1.Calian Group
CGY.TO (TSX)
Calian Group has shown promising improvements following asset sales and a strategic reorganization, making it an attractive option for investors seeking both dividend support and upside potential. With a solid dividend yield of 1.29% and a remarkable one-year return of 122.86%, this Canadian-listed value stock is recognized with a B+ rating from analysts, underscoring its financial health and growth prospects.
Pros:
- Strong 1-year return
- Improved fundamentals after reorganization
Cons:
- Lower dividend yield compared to some peers
- Market exposure risk
2.Gildan Activewear
GIL.TO (TSX)
Gildan Activewear, a Canadian-listed value stock, is positioned as an attractive option for investors seeking growth, buoyed by strong analyst sentiment. With a solid 1-year return of 20.20% and a 5-year return of 90.13%, the stock also offers a dividend yield of approximately 1.68%. Analysts from Scotiabank and RBC Capital have rated it as "Outperform," underscoring its potential in the current market landscape.
Pros:
- Strong analyst sentiment
- Consistent long-term performance
Cons:
- Recent negative short-term return
- Market competition risk
3.Rogers Communications
RCI-B.TO (TSX)
Rogers Communications stands out as a Canadian value stock, recognized alongside Gildan and Calian for its revenue and income visibility leading into 2026. With a solid dividend yield of nearly 3.93%, the company has demonstrated a remarkable one-year return of 38.41%, though it has faced a five-year decline of 17.85%. Analysts maintain a strong outlook, with RBC Capital recommending an "Outperform" rating, pointing to Rogers' consistent financial health and growth potential.
Pros:
- Strong revenue growth
- Stable dividend payments
Cons:
- Negative 5-year return
- Market volatility risk
Final Words
As you consider the best value stocks in Canada this June 2026, it's essential to evaluate options like Rogers Communications, Gildan, and Calian for their revenue potential and stability. Take time to compare these choices and conduct your own research to make informed investment decisions.

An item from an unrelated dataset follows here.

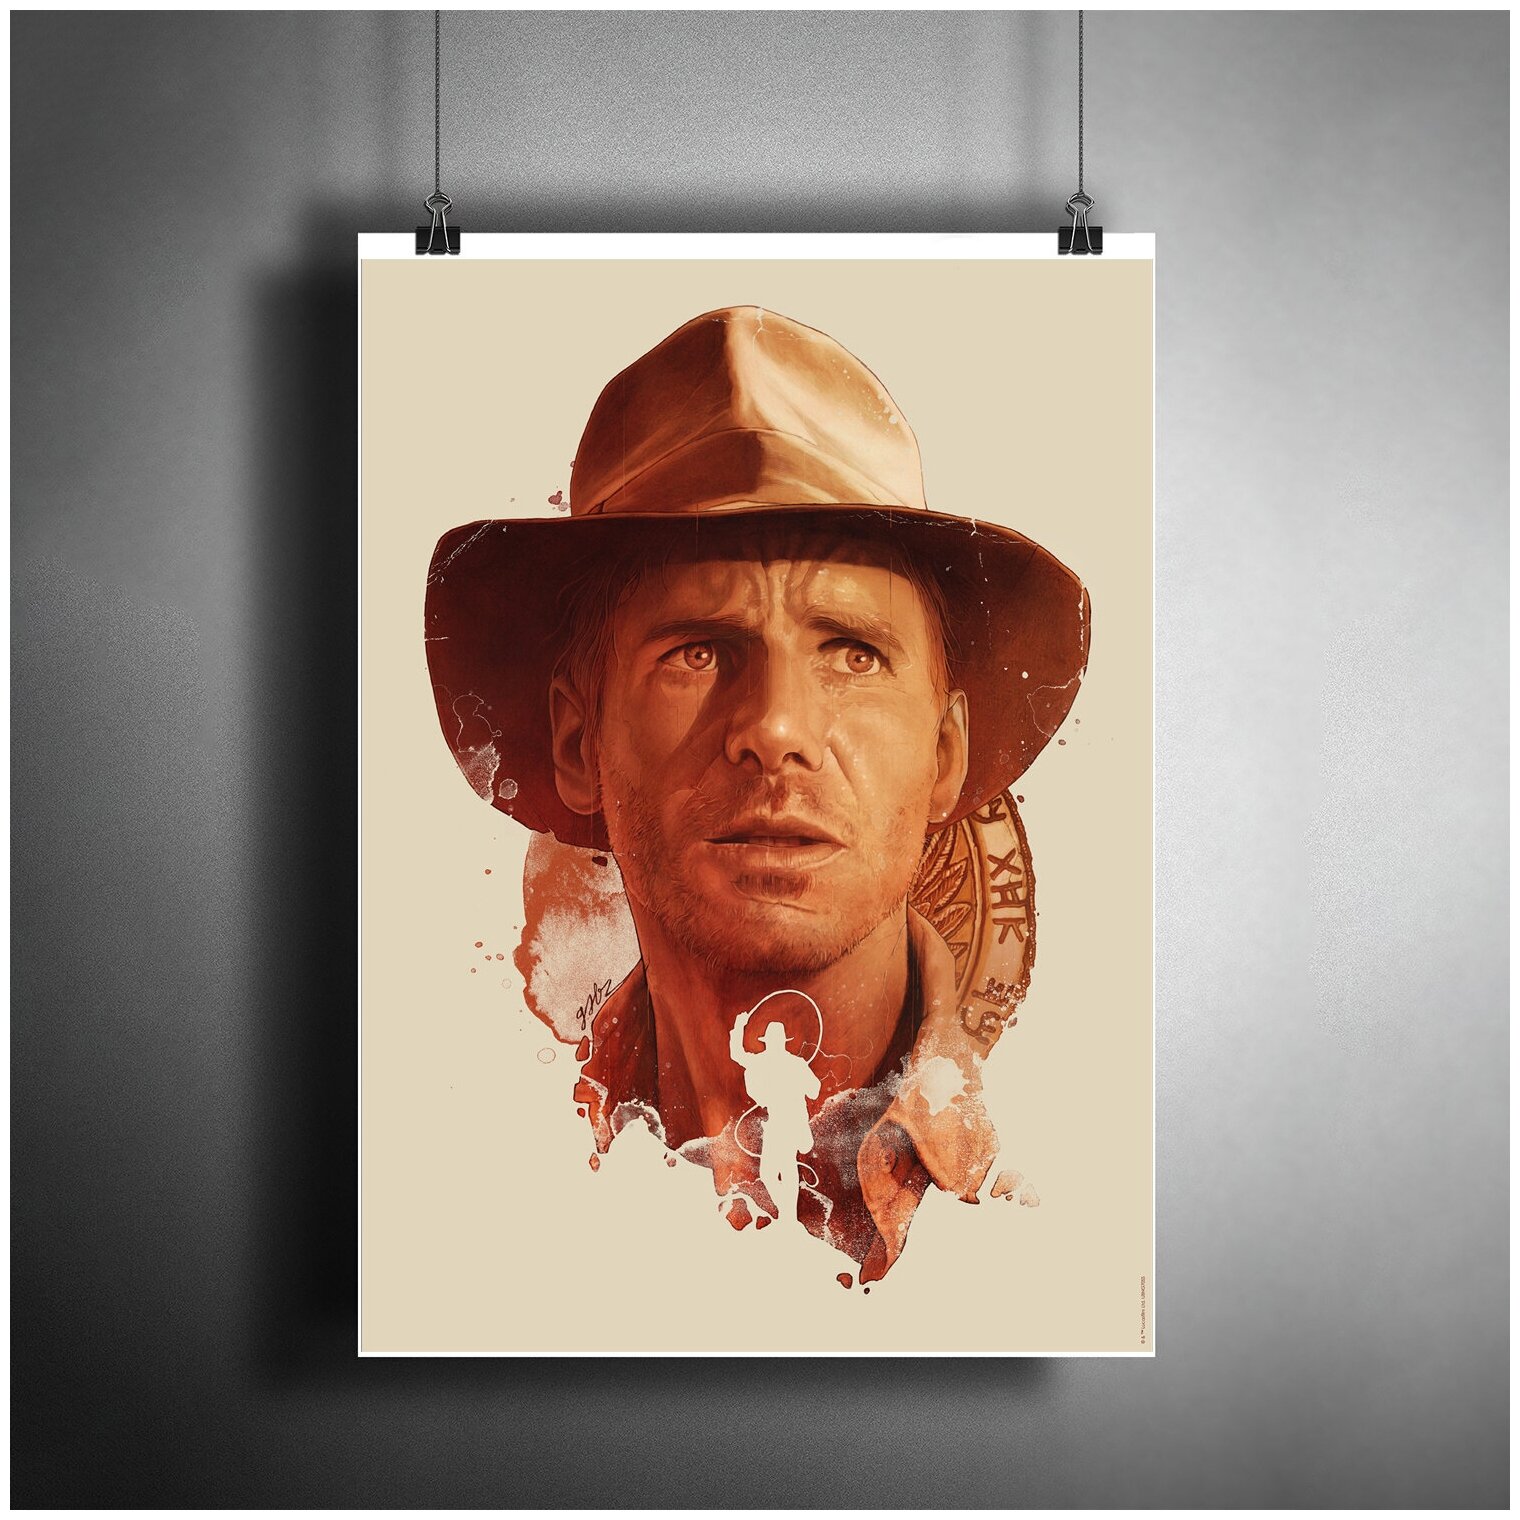 Постер плакат для интерьера "Фильм Стивена Спилберга: Индиана Джонс. Актёр Харрисон Форд. Indiana Jones"/ Декор дома, офиса, комнаты A3 (297 x 420 мм)

Frequently Asked Questions
Rogers Communications has a current dividend yield of 3.93%. The next dividend payment is scheduled for $0.5000, with a previous dividend date on July 6, 2026.
Over the past year, Rogers Communications has delivered a return of 38.41%. However, it's worth noting that the stock has experienced a decline in the last three and five years, with returns of -16.84% and -17.85%, respectively.
Investing in Rogers Communications carries risks typical of the telecommunications sector, including market competition, regulatory changes, and technological advancements. Additionally, its recent negative returns over the short-term may indicate volatility.
Rogers Communications has a market capitalization of approximately $27.47 billion. This reflects its position as a significant player in the Canadian communications and media industry.
Rogers Communications is often compared to other Canadian value stocks like Gildan and Calian, particularly for its revenue and income visibility. Evaluating these companies involves looking at factors such as dividend yields, sector performance, and growth potential.
Rogers Communications operates through three main segments: Wireless, Cable, and Media. This diversified approach allows the company to offer a range of services, including mobile internet, television, and various media content.